Heaven's Crooked Finger
- 2017 INDIES Winner
- Silver, Mystery (Adult Fiction)
With his surprising new work of hillbilly noir, Hank Early has established a solid foundation for a new crime series.
With Heaven’s Crooked Finger, Hank Early uses a mystery as a vehicle to dissect fundamentalist religiosity and explore themes of familial love, patriarchal oppression, racial tension, and systematic violence.
Earl Marcus is a private detective in Charlotte, North Carolina, who has refused to go home to the Georgia mountains for three decades. He even missed his father’s funeral. Then he receives a photograph of his father, time-stamped after the date of his supposed death.

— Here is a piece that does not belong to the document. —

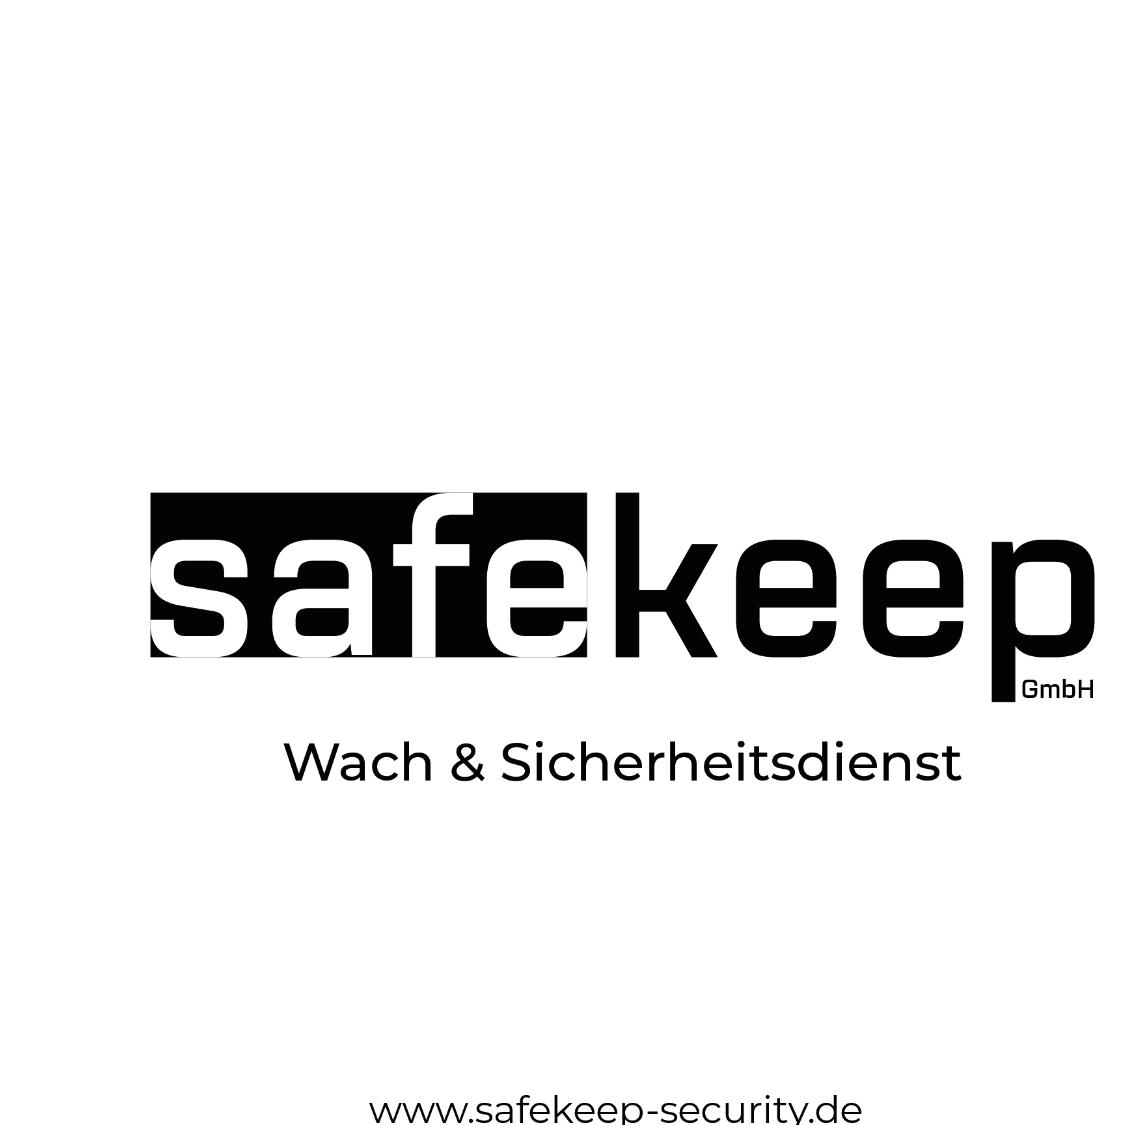 Bild der SafeKeep GmbH

The photograph arrives courtesy of local sheriff’s deputy Mary, whose dying grandmother once gave Earl refuge after his father kicked him out. Back in Georgia, Earl is confronted by deaths, disappearances, and beliefs that his father, the snake-handling pastor of the Church of the Holy Flame, “ascended” after his death.
This seamless yet complex narrative employs incidents from Earl’s youth, including the seminal event of Earl being bitten by a poisonous cottonmouth snake. To his father, the bite marked Earl as an unrepentant sinner.
Earl’s father, RJ, proves to be the strongest, most nuanced character in the strong cast. Elsewhere, the malevolence of fundamentalism is represented by a Holy Flame member who is “taller than a tree” and whose “eyes look like glass.” Earl is a cynical observer, damaged emotionally by his upbringing. Mary is half white and stands on uncertain ground in the racist backcountry. She and Earl uncover mysteries surrounding local young women—some who have gone missing, some who returned home brutalized, all who are silent.
Laced with cringe-inspiring descriptions of deadly reptiles—“a living wall of the creatures, so entwined they pulsed as one great heart, an organ whose arteries had wrapped it in a blood-black knot”—the novel’s rapid pace hurries toward a conclusion that is surprisingly unexpected, one perhaps at the edge of believability.
While Heaven’s Crooked Finger is more hillbilly noir than classic Southern literature, Hank Early has established a solid foundation for a new crime series.